PARK 250
Perhaps because she felt envious, Susan was a little bit critical. “You’ve got the cents sign wrong,” she said.
“What you mean we’ve got the sense wrong?” asked Tim. “It says ‘Park,’ don’t it? That’s all it’s got to say.”
On the other sign they had printed:
PUPCORN 100
“And you’ve spelled popcorn wrong, too,” Susan said. “You’ve got it pupcorn like dog food.”
“Dog food!” said George. “Terence!” He gave a long and wistful sigh.
When the Ridgeway children went home, just as a matter of scientific curiosity, just to see, George got a yardstick and measured the driveway and turnabout.
“Four and a half,” George said. “Yes, four and a half cars we could park. That would be one dollar and twelve and a half cents.”
“But who would ever let us park half a car?” wondered Susan.
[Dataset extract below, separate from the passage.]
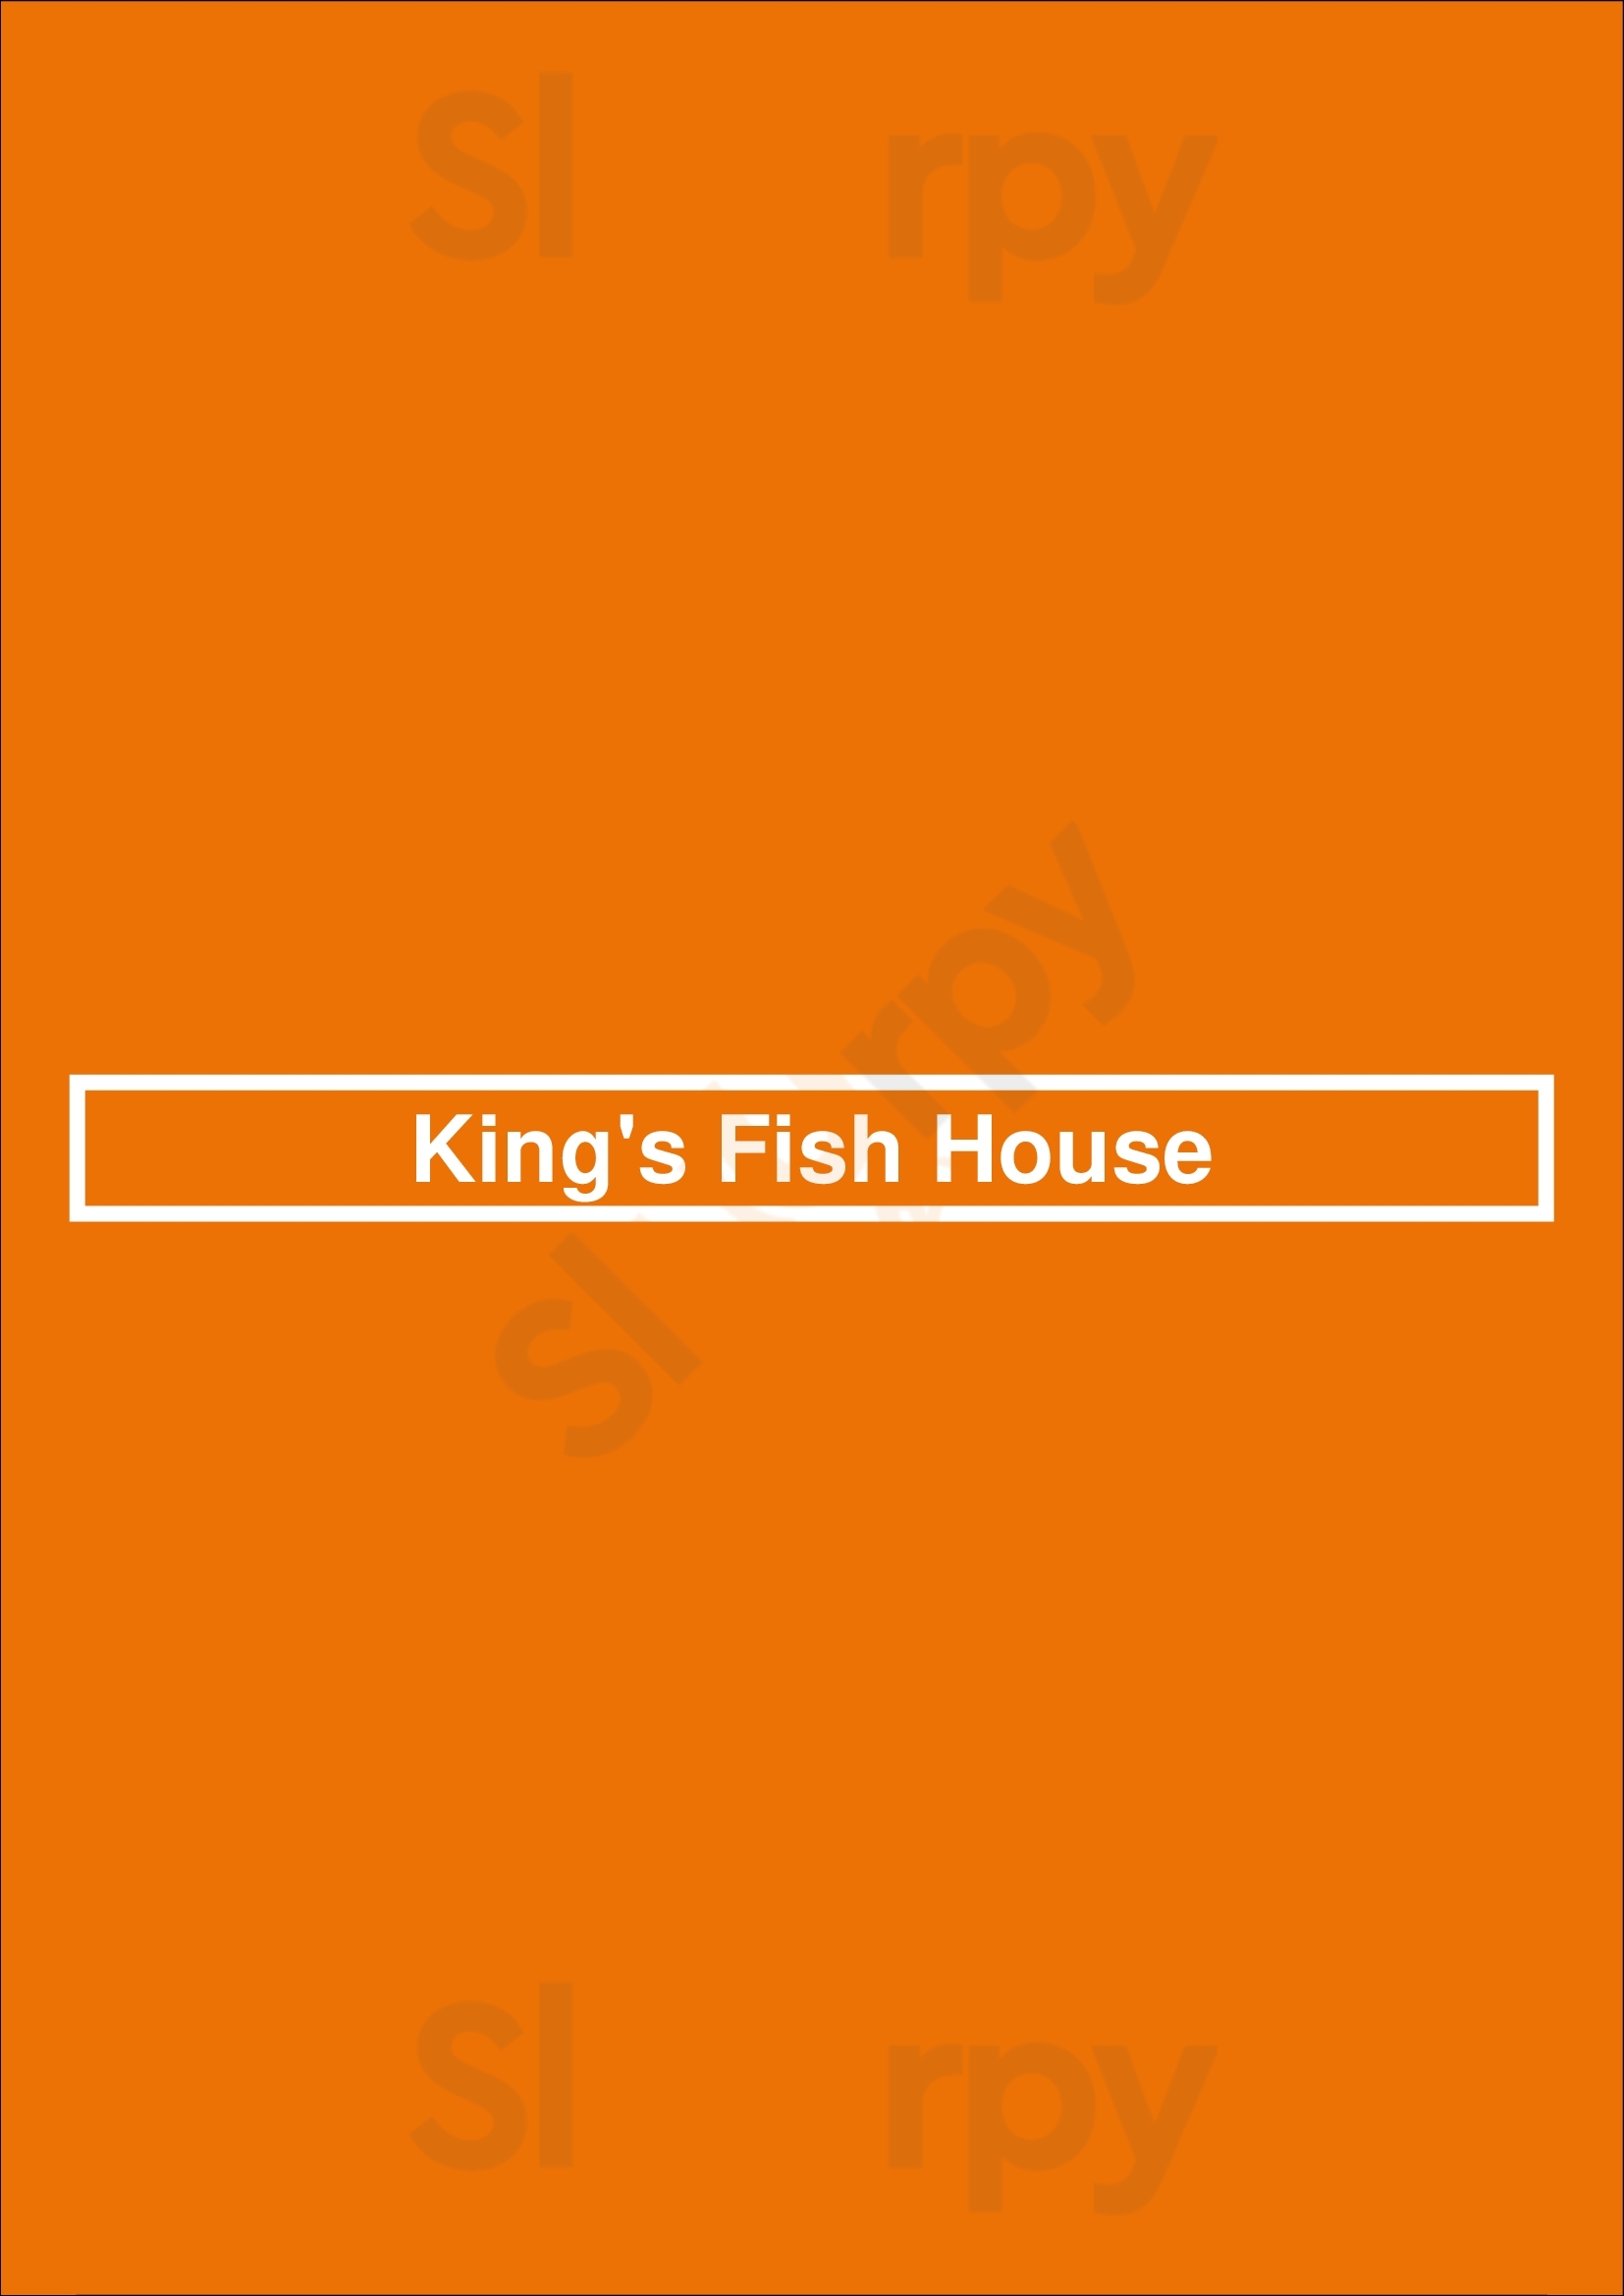 King's Fish House Long Beach Menu - 1

“Who would ever let us park any cars?” returned George. “If it’s only playlike, we might as well use all the space we’ve got.”
“Like playing food,” said Dumpling.
“We must think,” said Susan. “There must be some way.”
“Father,” Susan said at dinner, “what if the Dean liked to see professors’ children parking cars? Did you ever think of that?”
“The issue is closed,” said Professor Ridgeway firmly.
“The Dean is a reasonable man,” said Mother unexpectedly, “at least a reasonably reasonable man, and he’s a pushover for football.”
“I thought it was a touchdown instead of a pushover,” said Dumpling.
“It is true that the Dean is interested in football,” Father said, “but I know that academic dignity would come first, especially as a quality in his professors and their children.”
“My goodness!” Mother said. “I can remember Pinkie Ambrose—”
“Dean Ambrose,” said Father.
“—before he was a dean,” Mother said. “He was a substitute guard on the football team when I was in college, and he took it very seriously.”
“That’s what I mean,” said Father. “The Dean is a serious man. He takes everything very seriously.”
“I see,” said Dumpling.
“Daddy, if George and I would just go to him,” suggested Susan, “and explain that the salary he gives you is not very big for five people, and that we could easily stretch it by parking cars on football days, and that we need the extra money because we have a very large dog to feed—”
“No!” said Father. “Forget it, Susan. Turn the dial to another station.”
“It was just an idea, Daddy,” said Susan meekly.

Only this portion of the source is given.